Replacement Theology – 2

“Danger!” the dispensationalist pundits are shouting. “Watch out for replacement theology!” This specter of “replacement theology,” also masquerading under the pseudo-academic moniker “supersessionism,” looms ominously over Christendom. One blogger blogs, “One of the most dangerous and subversive doctrines held by adherents of Preterism, is the view that in A.D. 70, at the destruction of Jerusalem by the Roman armies, God’s covenant nation of Israel was superseded by the Christian church.” A website adds, “There is a demonic cancer coursing through the life blood of the Church of Jesus Christ and its name is REPLACEMENT THEOLOGY.” Yet another puts it bluntly, “This is a heresy . . .” Joel McDermon, Replacing Replacement Theology

Fight terminology with terminology. Throughout the Bible it is clear that God’s priestly nation went through many death-and-resurrection renewals.

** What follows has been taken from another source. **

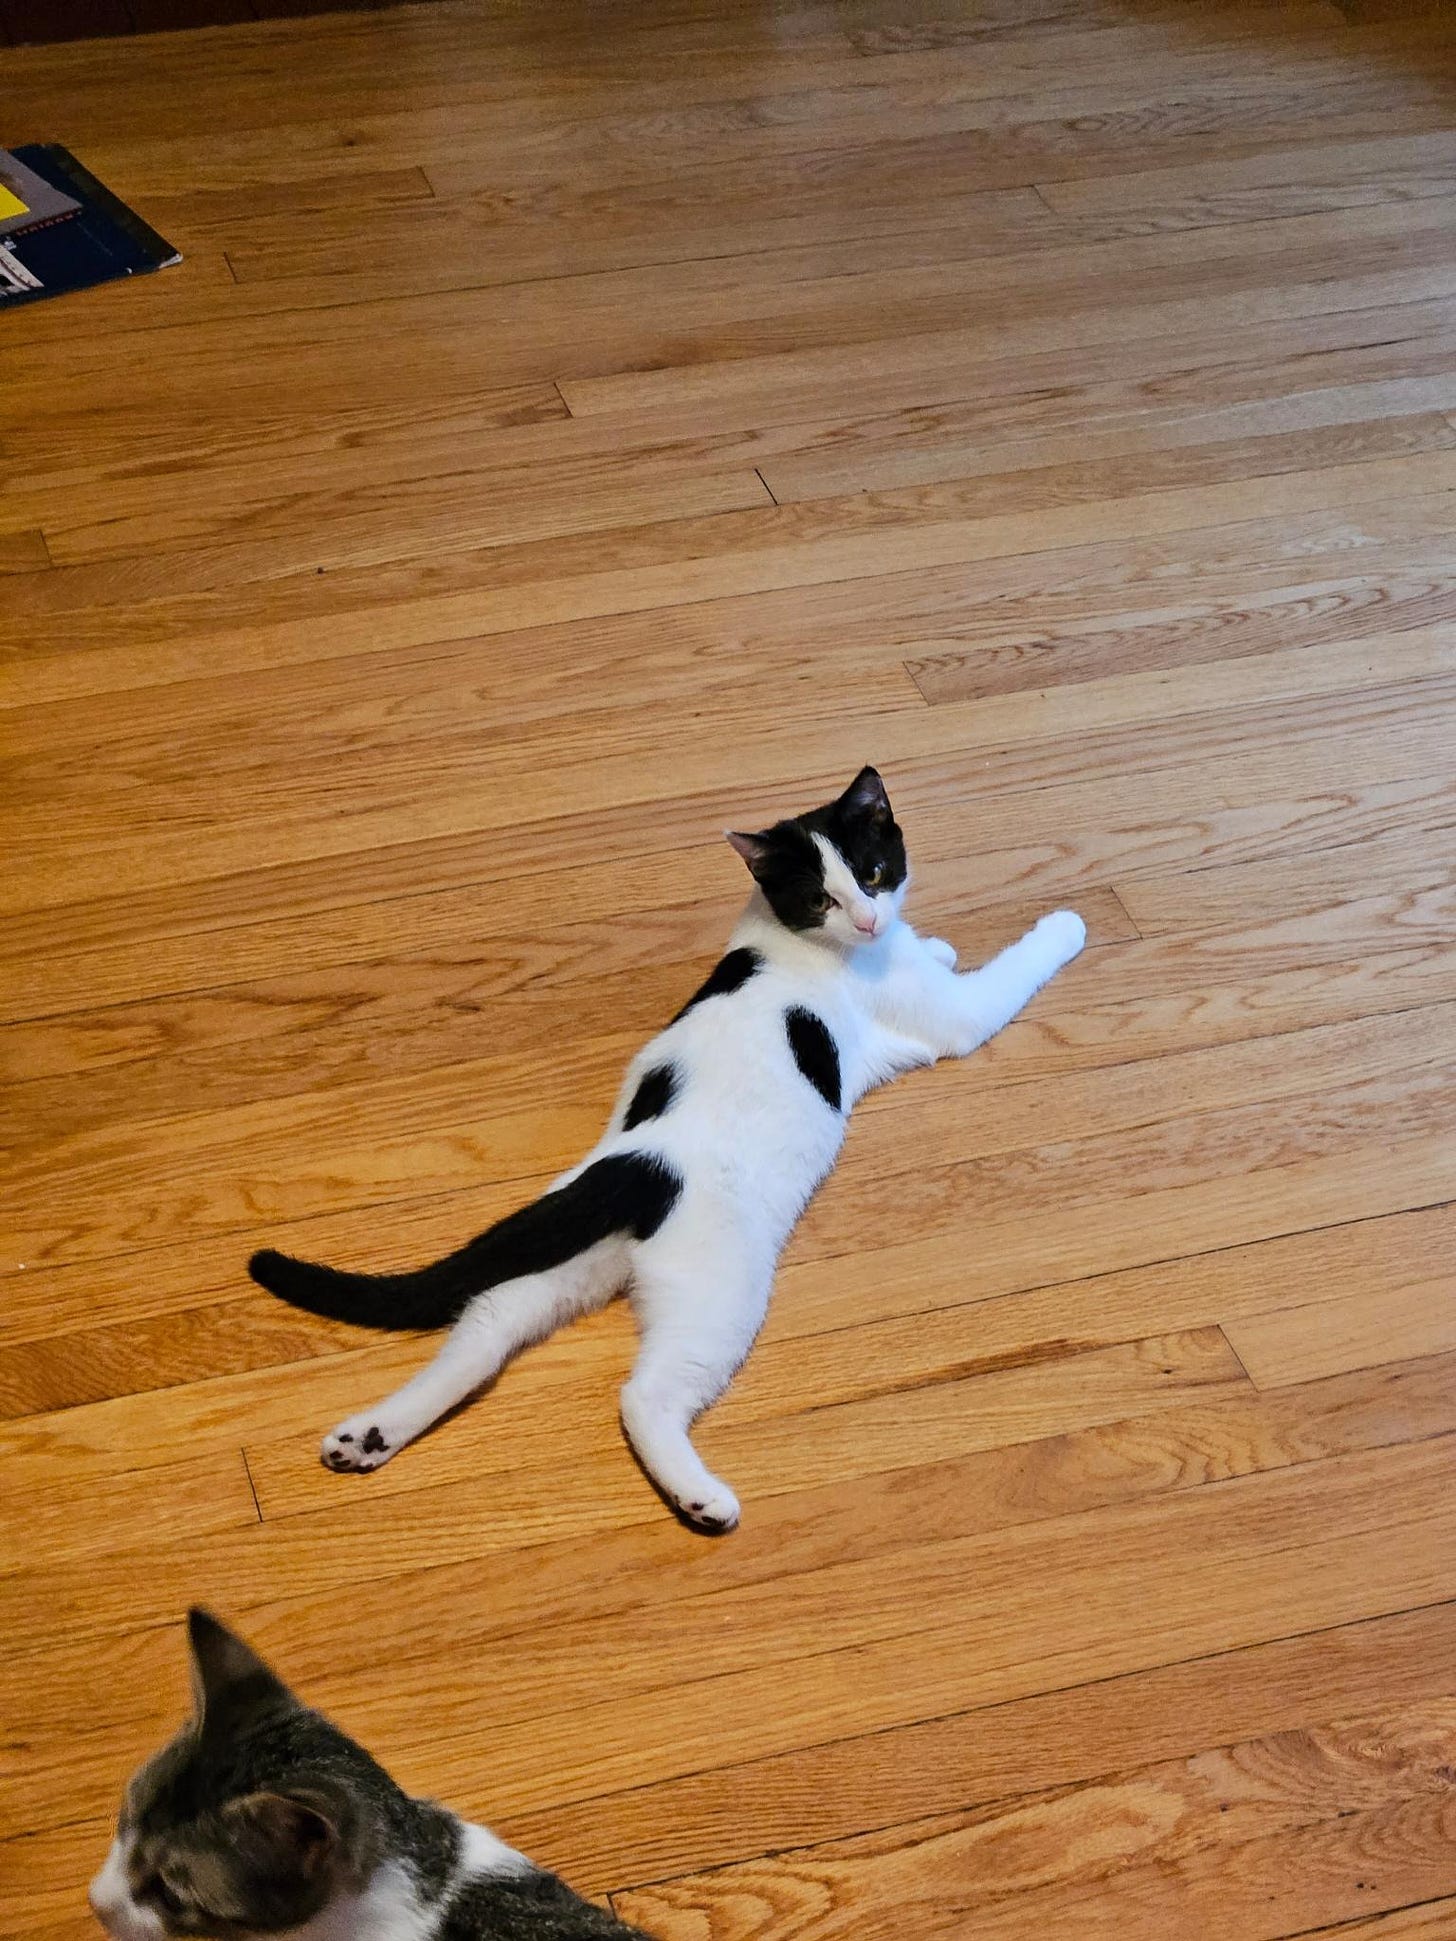 A cow looking cat laying down completely sprawled out
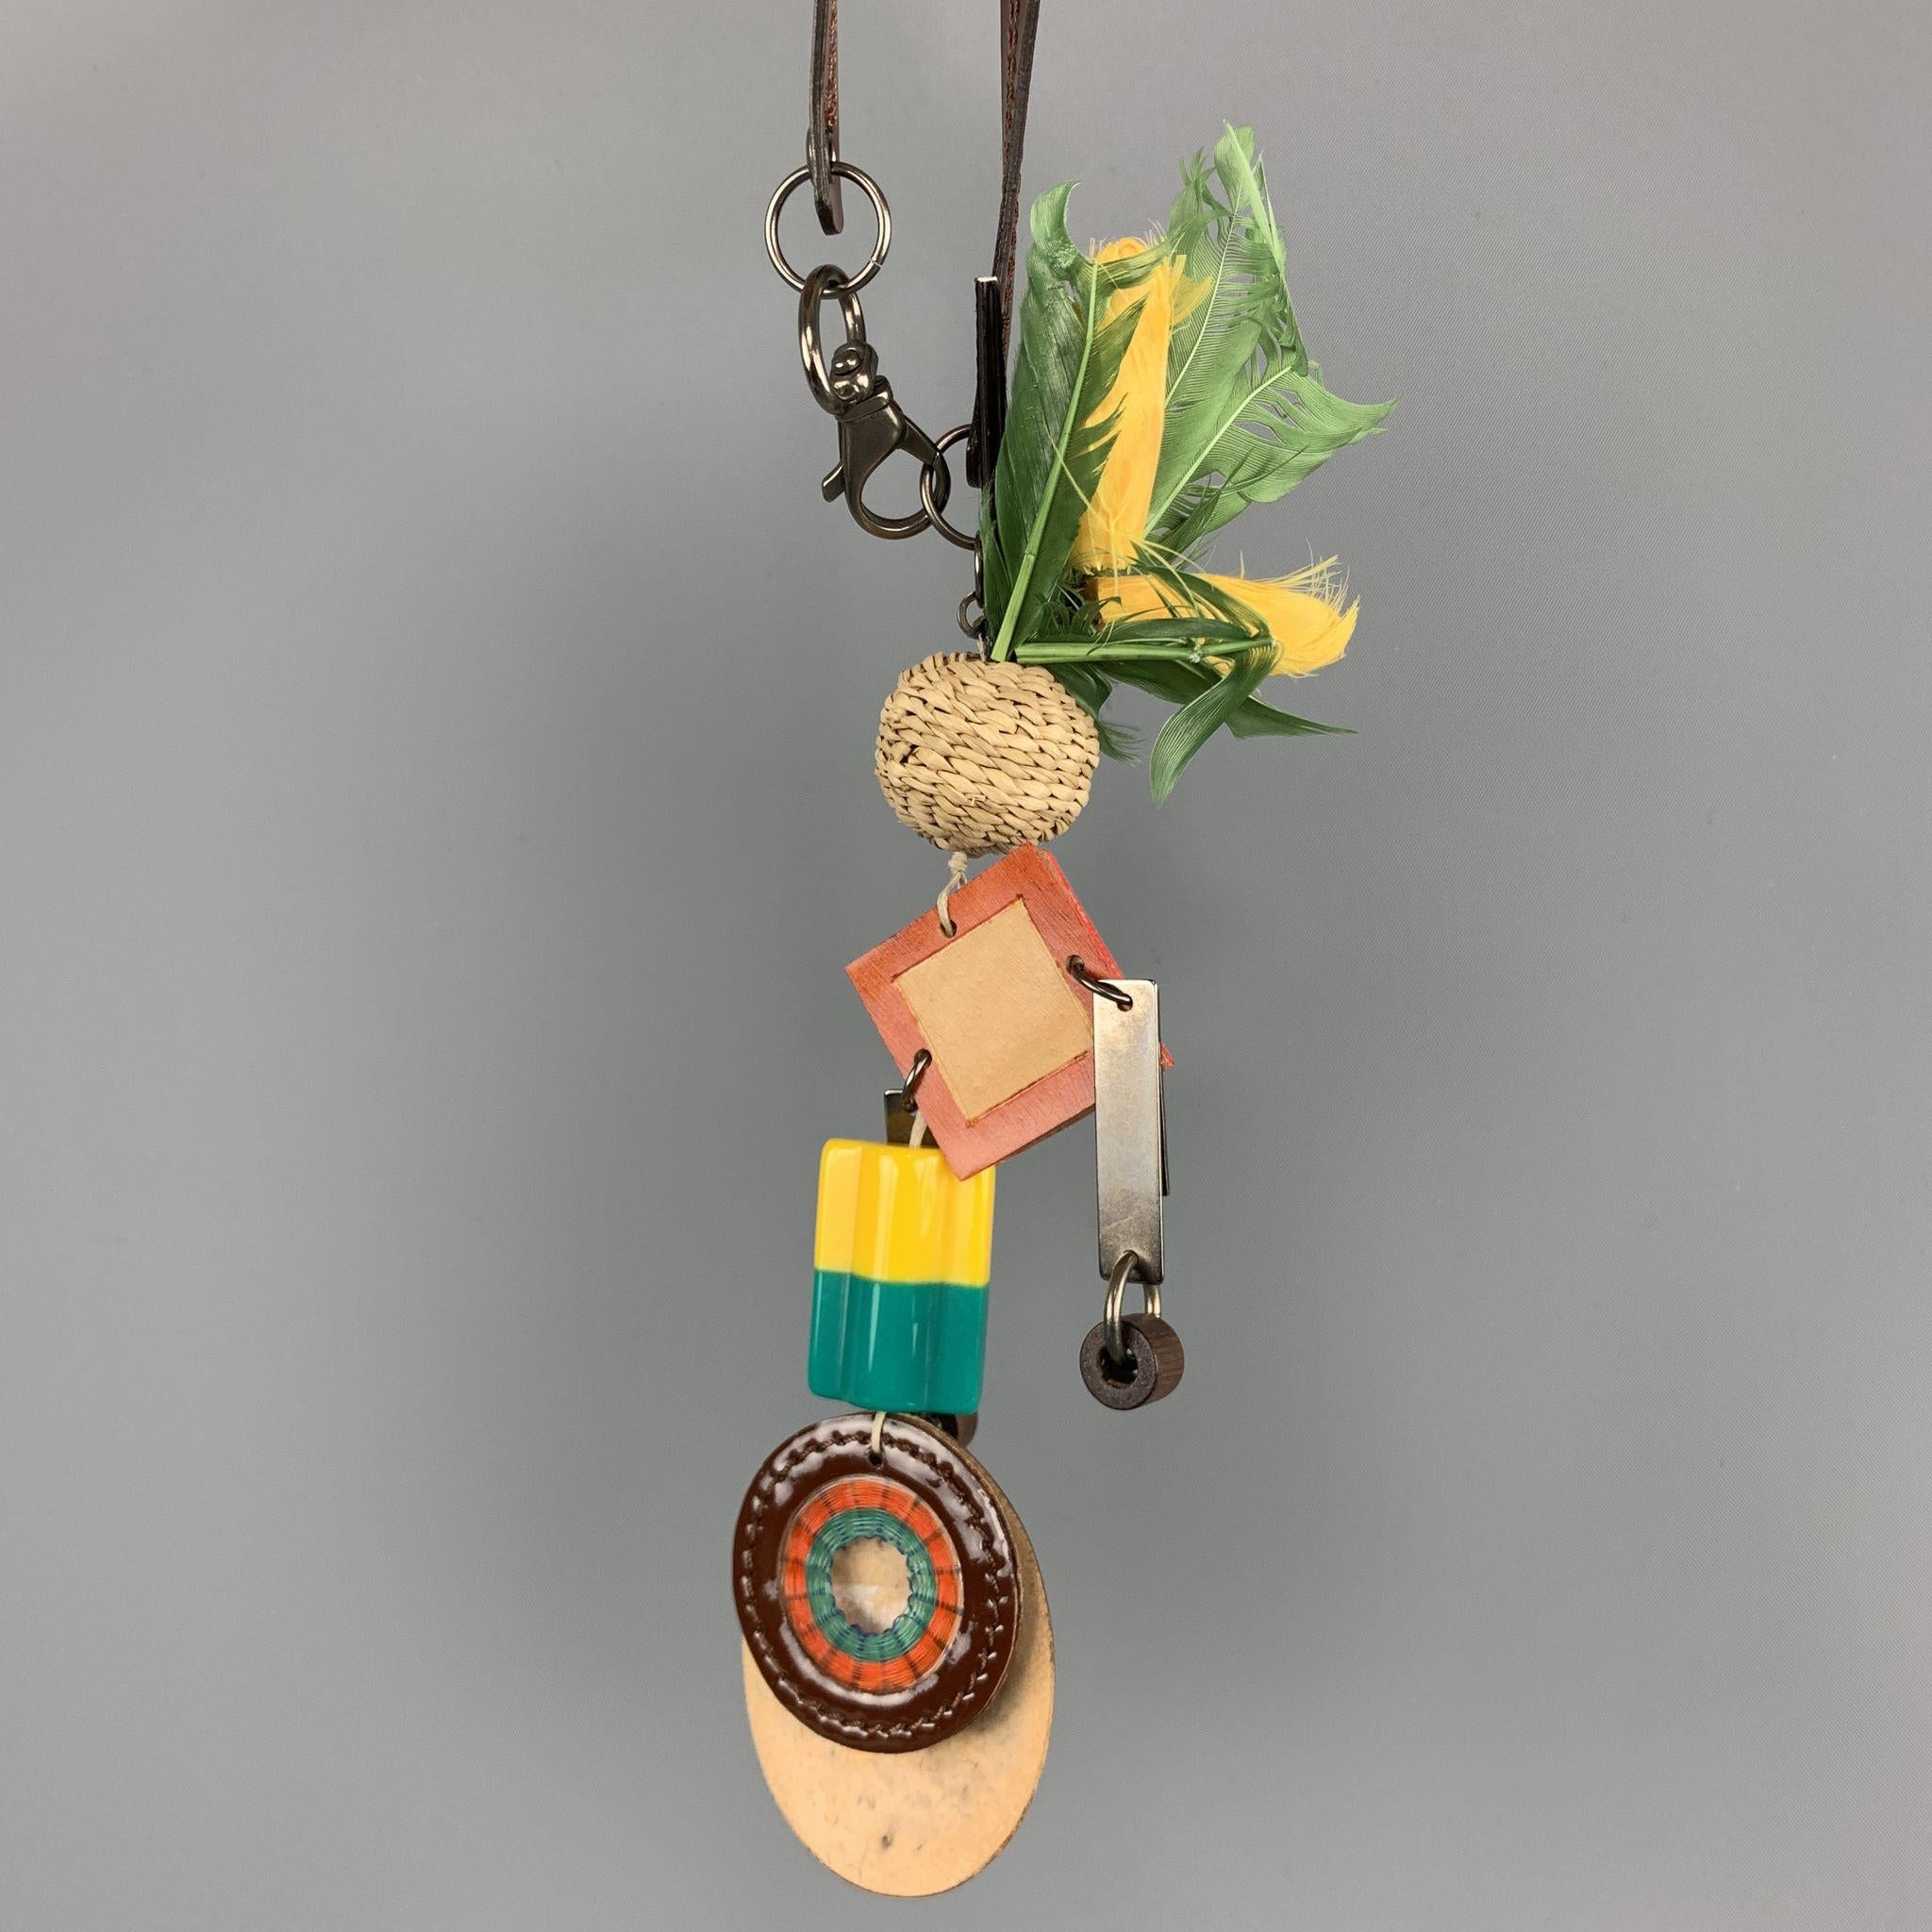 MARNI Key Ring Bag Charm comes in multi-color tones in mixed materials, with a brown patent leather strap, green feathers, straw, plastic and silver tone metal hardware, contrast stitching, and a lobster clasp closure. With dust bag and box.

No one calls those ‘replacements.’ Can you imagine theologians arguing that Ezra’s Temple and Nehemiah’s new Jerusalem were only a temporary parenthesis, and that God would give Israel back their old kingdom?

The same thing exactly happened in the first century. Israel died and was resurrected anew. So, I propose new jargon – ‘Transformation Theology: don’t stay left behind.’